→ **DATA EXCERPT**:
++++++
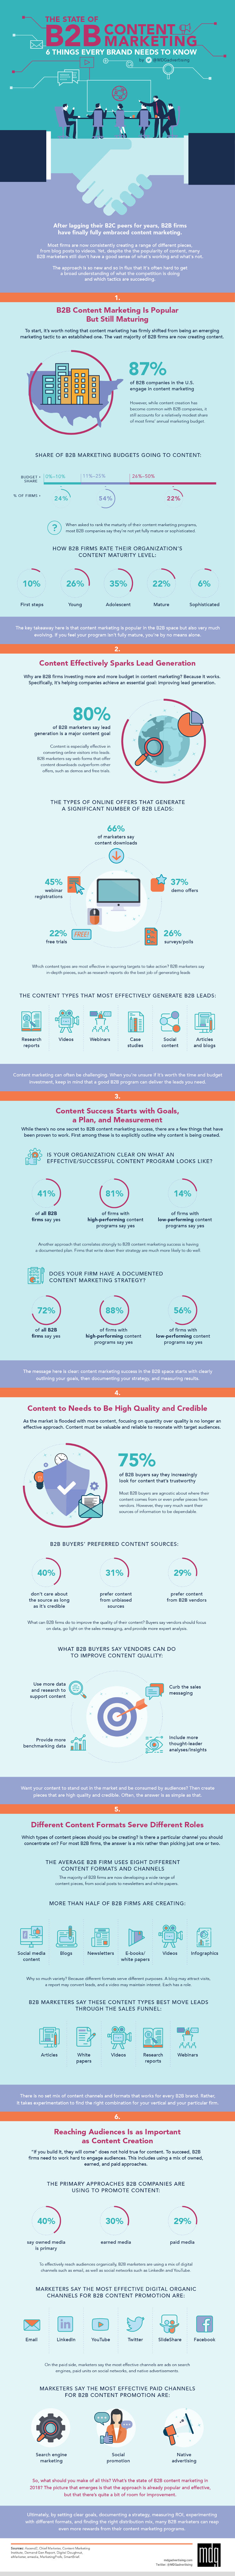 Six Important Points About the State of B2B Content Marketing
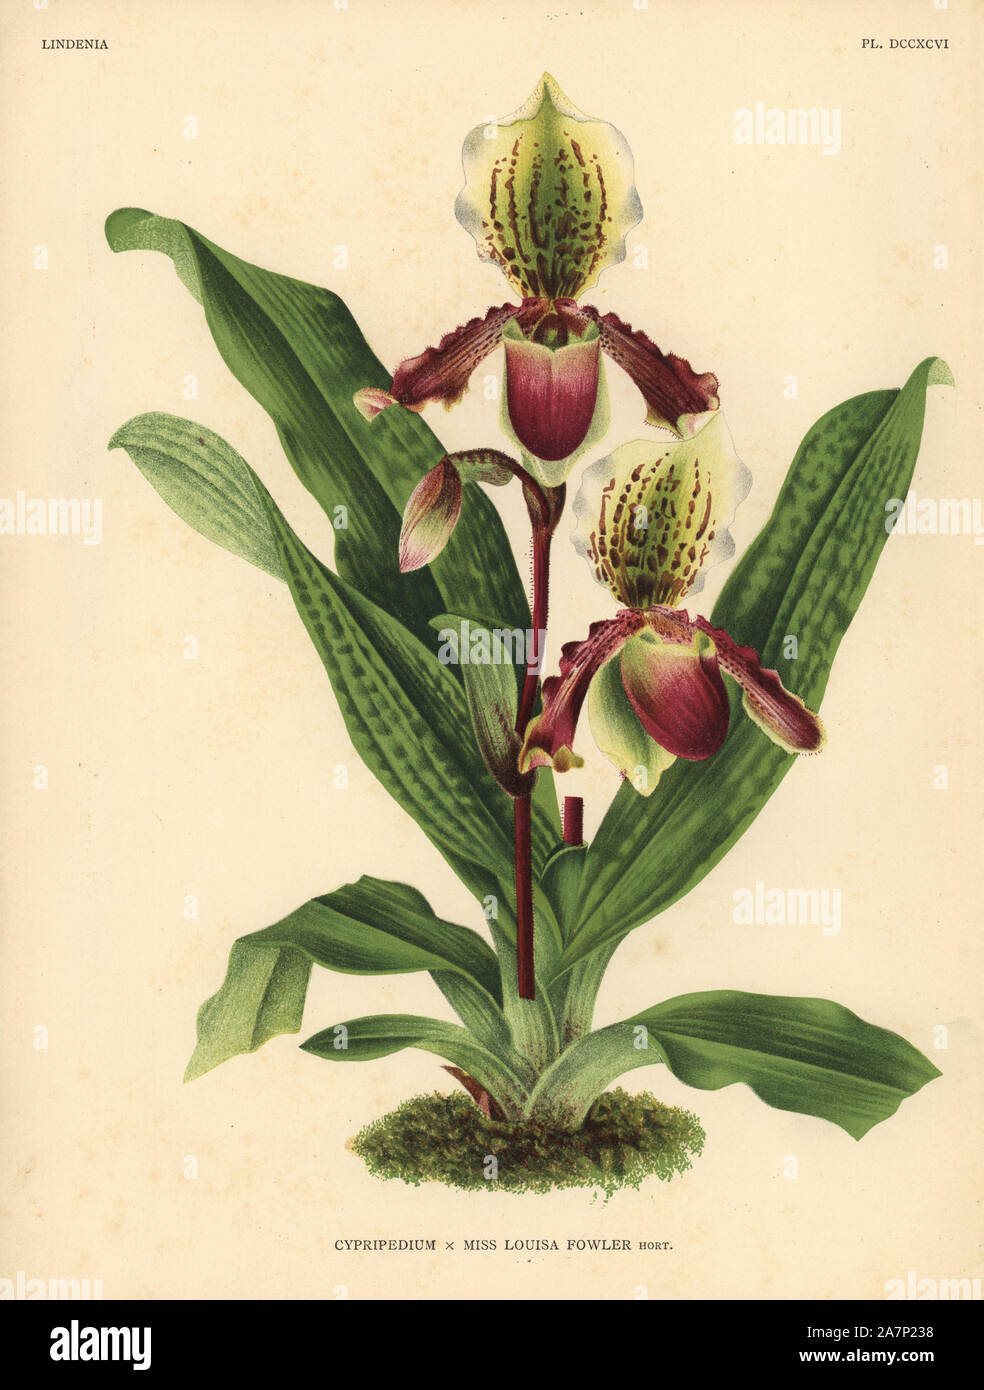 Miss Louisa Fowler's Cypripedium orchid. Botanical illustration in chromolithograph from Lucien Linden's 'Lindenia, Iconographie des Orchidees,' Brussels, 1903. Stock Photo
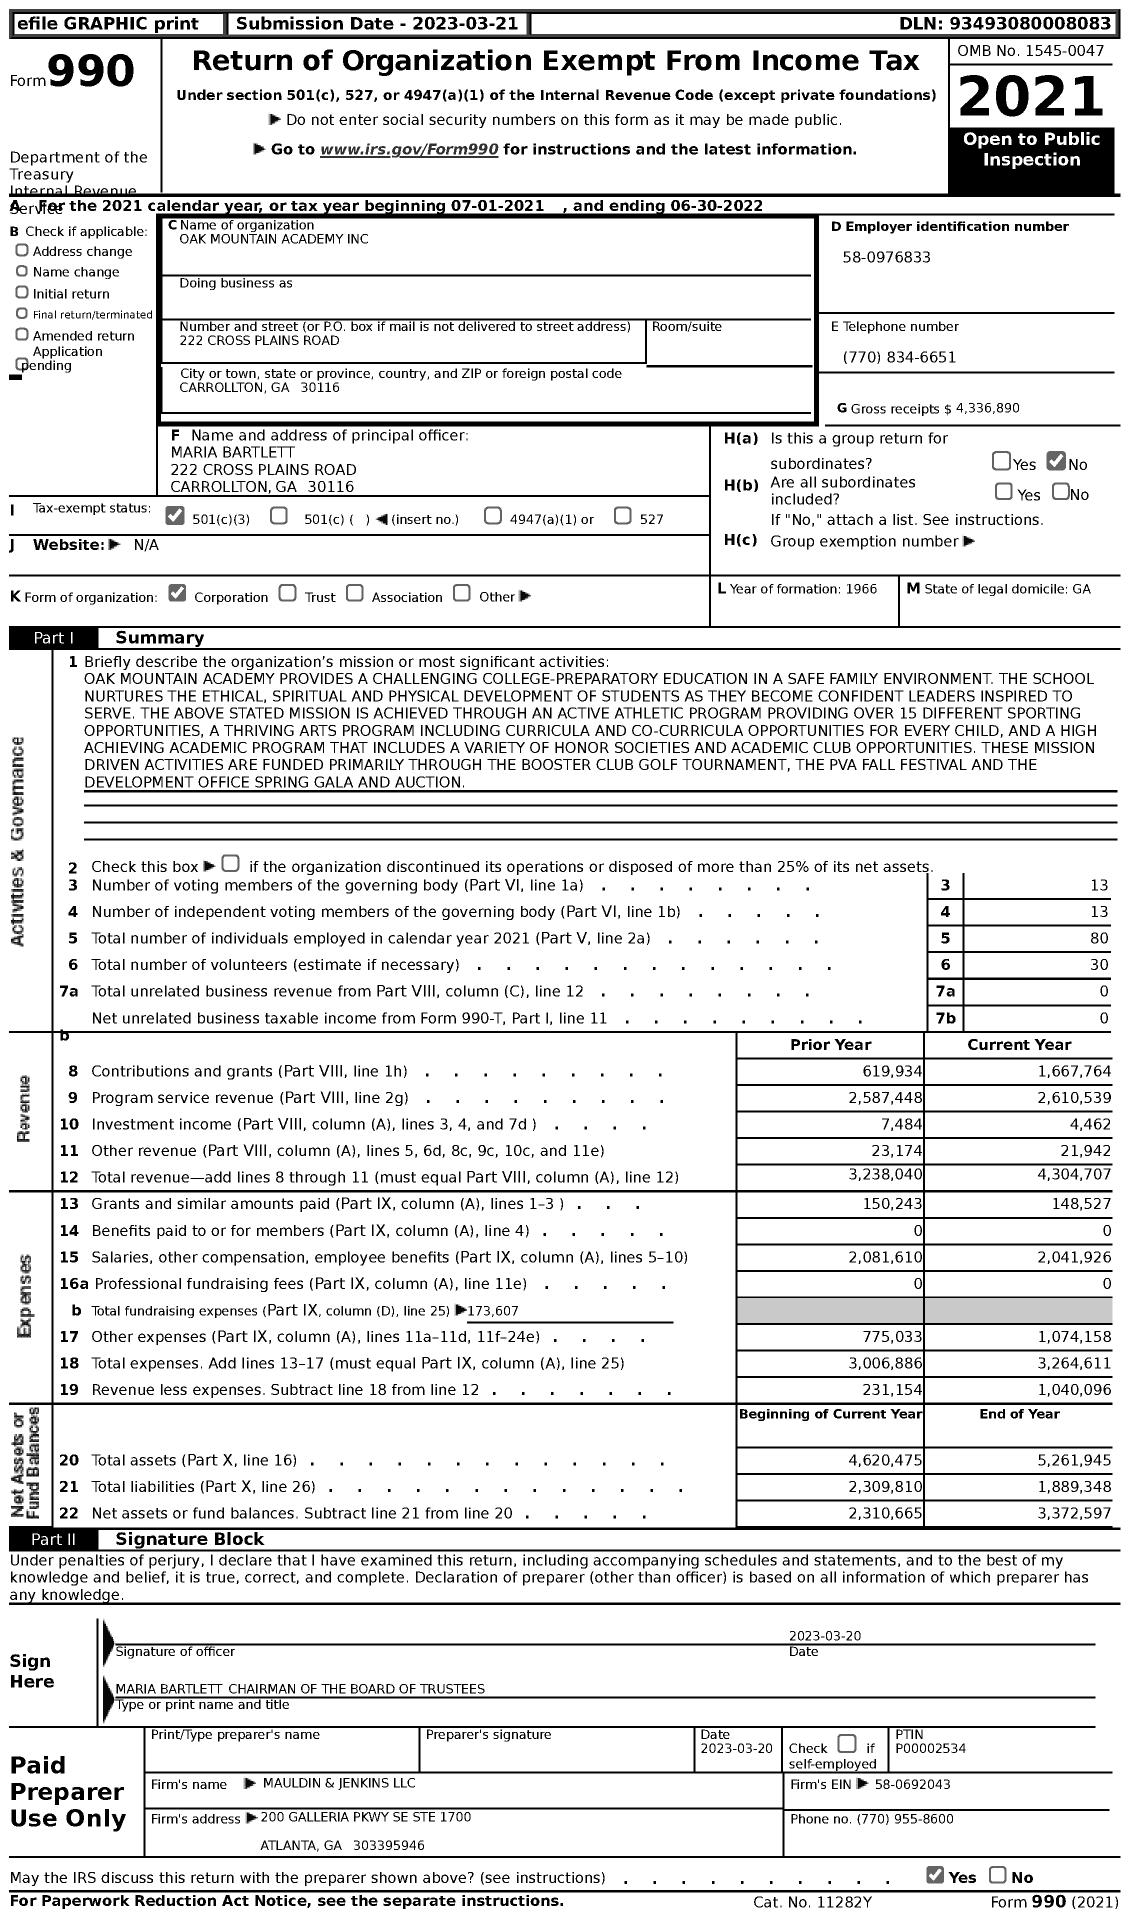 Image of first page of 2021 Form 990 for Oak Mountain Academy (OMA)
++++++
→ **EXERCISE PROMPT**: Make an exact copy of the whole listing, but don't bring over any pictures.

→ **ANSWER BELOW**:
 Six Important Points About the State of B2B Content Marketing
 Miss Louisa Fowler's Cypripedium orchid. Botanical illustration in chromolithograph from Lucien Linden's 'Lindenia, Iconographie des Orchidees,' Brussels, 1903. Stock Photo
 Image of first page of 2021 Form 990 for Oak Mountain Academy (OMA)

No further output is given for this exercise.